▶ **What the task requires**
Write out once more the lines running from the top of the entries below to the line with "Borges - Vinagre", both ends included.

(Source records Opens)

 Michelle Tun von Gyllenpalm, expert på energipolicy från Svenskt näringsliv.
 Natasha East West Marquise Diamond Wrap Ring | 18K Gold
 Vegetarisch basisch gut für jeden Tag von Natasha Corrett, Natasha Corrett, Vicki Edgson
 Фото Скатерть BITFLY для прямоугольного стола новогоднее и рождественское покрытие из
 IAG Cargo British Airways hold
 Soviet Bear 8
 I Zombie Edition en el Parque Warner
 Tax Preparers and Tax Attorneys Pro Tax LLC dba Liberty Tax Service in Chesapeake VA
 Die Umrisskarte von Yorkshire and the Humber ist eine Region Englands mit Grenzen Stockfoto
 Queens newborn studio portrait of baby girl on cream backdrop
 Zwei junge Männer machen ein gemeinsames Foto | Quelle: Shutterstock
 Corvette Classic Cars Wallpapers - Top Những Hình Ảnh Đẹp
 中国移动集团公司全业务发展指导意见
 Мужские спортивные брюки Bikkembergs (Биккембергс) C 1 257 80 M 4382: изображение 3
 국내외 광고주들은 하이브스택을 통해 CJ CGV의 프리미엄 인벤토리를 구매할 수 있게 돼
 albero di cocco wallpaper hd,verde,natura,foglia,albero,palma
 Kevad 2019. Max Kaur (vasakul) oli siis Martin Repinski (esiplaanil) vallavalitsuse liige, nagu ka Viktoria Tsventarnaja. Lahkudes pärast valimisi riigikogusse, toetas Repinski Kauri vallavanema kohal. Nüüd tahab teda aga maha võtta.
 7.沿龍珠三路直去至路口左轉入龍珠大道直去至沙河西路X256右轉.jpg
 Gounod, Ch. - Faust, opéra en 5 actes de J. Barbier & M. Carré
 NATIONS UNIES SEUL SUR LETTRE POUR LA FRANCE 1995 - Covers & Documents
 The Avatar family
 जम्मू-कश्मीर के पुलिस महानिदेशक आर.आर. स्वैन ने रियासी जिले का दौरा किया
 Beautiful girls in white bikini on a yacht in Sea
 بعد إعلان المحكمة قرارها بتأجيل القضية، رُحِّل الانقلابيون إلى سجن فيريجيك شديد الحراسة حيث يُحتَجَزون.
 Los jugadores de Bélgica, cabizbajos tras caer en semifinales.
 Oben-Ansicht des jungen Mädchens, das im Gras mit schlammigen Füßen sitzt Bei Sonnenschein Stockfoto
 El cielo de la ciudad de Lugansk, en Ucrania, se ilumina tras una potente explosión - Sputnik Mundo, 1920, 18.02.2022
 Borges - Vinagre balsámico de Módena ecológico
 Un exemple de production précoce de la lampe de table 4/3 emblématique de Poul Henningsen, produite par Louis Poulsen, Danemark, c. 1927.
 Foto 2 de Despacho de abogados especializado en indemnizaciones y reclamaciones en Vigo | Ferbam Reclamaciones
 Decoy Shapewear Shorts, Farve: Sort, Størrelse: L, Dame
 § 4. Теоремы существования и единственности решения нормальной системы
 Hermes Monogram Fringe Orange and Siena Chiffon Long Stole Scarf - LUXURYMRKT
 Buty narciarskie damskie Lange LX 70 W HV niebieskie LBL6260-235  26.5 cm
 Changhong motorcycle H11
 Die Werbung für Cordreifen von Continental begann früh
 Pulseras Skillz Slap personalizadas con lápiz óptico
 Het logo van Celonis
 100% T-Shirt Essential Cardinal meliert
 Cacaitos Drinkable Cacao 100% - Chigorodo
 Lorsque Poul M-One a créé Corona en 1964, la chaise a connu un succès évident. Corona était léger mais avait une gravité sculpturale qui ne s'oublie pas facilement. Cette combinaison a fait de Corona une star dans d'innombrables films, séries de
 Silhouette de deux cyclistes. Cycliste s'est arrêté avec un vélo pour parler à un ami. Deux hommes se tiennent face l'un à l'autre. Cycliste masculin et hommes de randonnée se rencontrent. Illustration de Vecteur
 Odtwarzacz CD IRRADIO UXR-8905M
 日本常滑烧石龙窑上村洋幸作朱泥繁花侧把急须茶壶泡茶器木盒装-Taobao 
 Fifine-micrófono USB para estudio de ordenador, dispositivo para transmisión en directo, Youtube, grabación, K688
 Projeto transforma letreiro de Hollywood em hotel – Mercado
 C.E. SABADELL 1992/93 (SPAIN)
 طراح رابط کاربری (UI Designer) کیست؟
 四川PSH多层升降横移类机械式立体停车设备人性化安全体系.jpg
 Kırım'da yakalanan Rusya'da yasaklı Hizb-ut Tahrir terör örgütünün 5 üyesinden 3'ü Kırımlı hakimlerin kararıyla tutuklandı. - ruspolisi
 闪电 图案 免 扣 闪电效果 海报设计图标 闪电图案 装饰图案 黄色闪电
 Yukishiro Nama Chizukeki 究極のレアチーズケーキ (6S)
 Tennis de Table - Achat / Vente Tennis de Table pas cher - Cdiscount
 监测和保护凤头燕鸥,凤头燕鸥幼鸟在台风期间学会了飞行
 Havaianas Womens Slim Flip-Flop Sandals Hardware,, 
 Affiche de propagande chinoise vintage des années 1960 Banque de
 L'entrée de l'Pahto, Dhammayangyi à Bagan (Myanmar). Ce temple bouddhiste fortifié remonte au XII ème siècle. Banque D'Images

(Source records Closes)

▶ **Written response**
 Michelle Tun von Gyllenpalm, expert på energipolicy från Svenskt näringsliv.
 Natasha East West Marquise Diamond Wrap Ring | 18K Gold
 Vegetarisch basisch gut für jeden Tag von Natasha Corrett, Natasha Corrett, Vicki Edgson
 Фото Скатерть BITFLY для прямоугольного стола новогоднее и рождественское покрытие из
 IAG Cargo British Airways hold
 Soviet Bear 8
 I Zombie Edition en el Parque Warner
 Tax Preparers and Tax Attorneys Pro Tax LLC dba Liberty Tax Service in Chesapeake VA
 Die Umrisskarte von Yorkshire and the Humber ist eine Region Englands mit Grenzen Stockfoto
 Queens newborn studio portrait of baby girl on cream backdrop
 Zwei junge Männer machen ein gemeinsames Foto | Quelle: Shutterstock
 Corvette Classic Cars Wallpapers - Top Những Hình Ảnh Đẹp
 中国移动集团公司全业务发展指导意见
 Мужские спортивные брюки Bikkembergs (Биккембергс) C 1 257 80 M 4382: изображение 3
 국내외 광고주들은 하이브스택을 통해 CJ CGV의 프리미엄 인벤토리를 구매할 수 있게 돼
 albero di cocco wallpaper hd,verde,natura,foglia,albero,palma
 Kevad 2019. Max Kaur (vasakul) oli siis Martin Repinski (esiplaanil) vallavalitsuse liige, nagu ka Viktoria Tsventarnaja. Lahkudes pärast valimisi riigikogusse, toetas Repinski Kauri vallavanema kohal. Nüüd tahab teda aga maha võtta.
 7.沿龍珠三路直去至路口左轉入龍珠大道直去至沙河西路X256右轉.jpg
 Gounod, Ch. - Faust, opéra en 5 actes de J. Barbier & M. Carré
 NATIONS UNIES SEUL SUR LETTRE POUR LA FRANCE 1995 - Covers & Documents
 The Avatar family
 जम्मू-कश्मीर के पुलिस महानिदेशक आर.आर. स्वैन ने रियासी जिले का दौरा किया
 Beautiful girls in white bikini on a yacht in Sea
 بعد إعلان المحكمة قرارها بتأجيل القضية، رُحِّل الانقلابيون إلى سجن فيريجيك شديد الحراسة حيث يُحتَجَزون.
 Los jugadores de Bélgica, cabizbajos tras caer en semifinales.
 Oben-Ansicht des jungen Mädchens, das im Gras mit schlammigen Füßen sitzt Bei Sonnenschein Stockfoto
 El cielo de la ciudad de Lugansk, en Ucrania, se ilumina tras una potente explosión - Sputnik Mundo, 1920, 18.02.2022
 Borges - Vinagre balsámico de Módena ecológico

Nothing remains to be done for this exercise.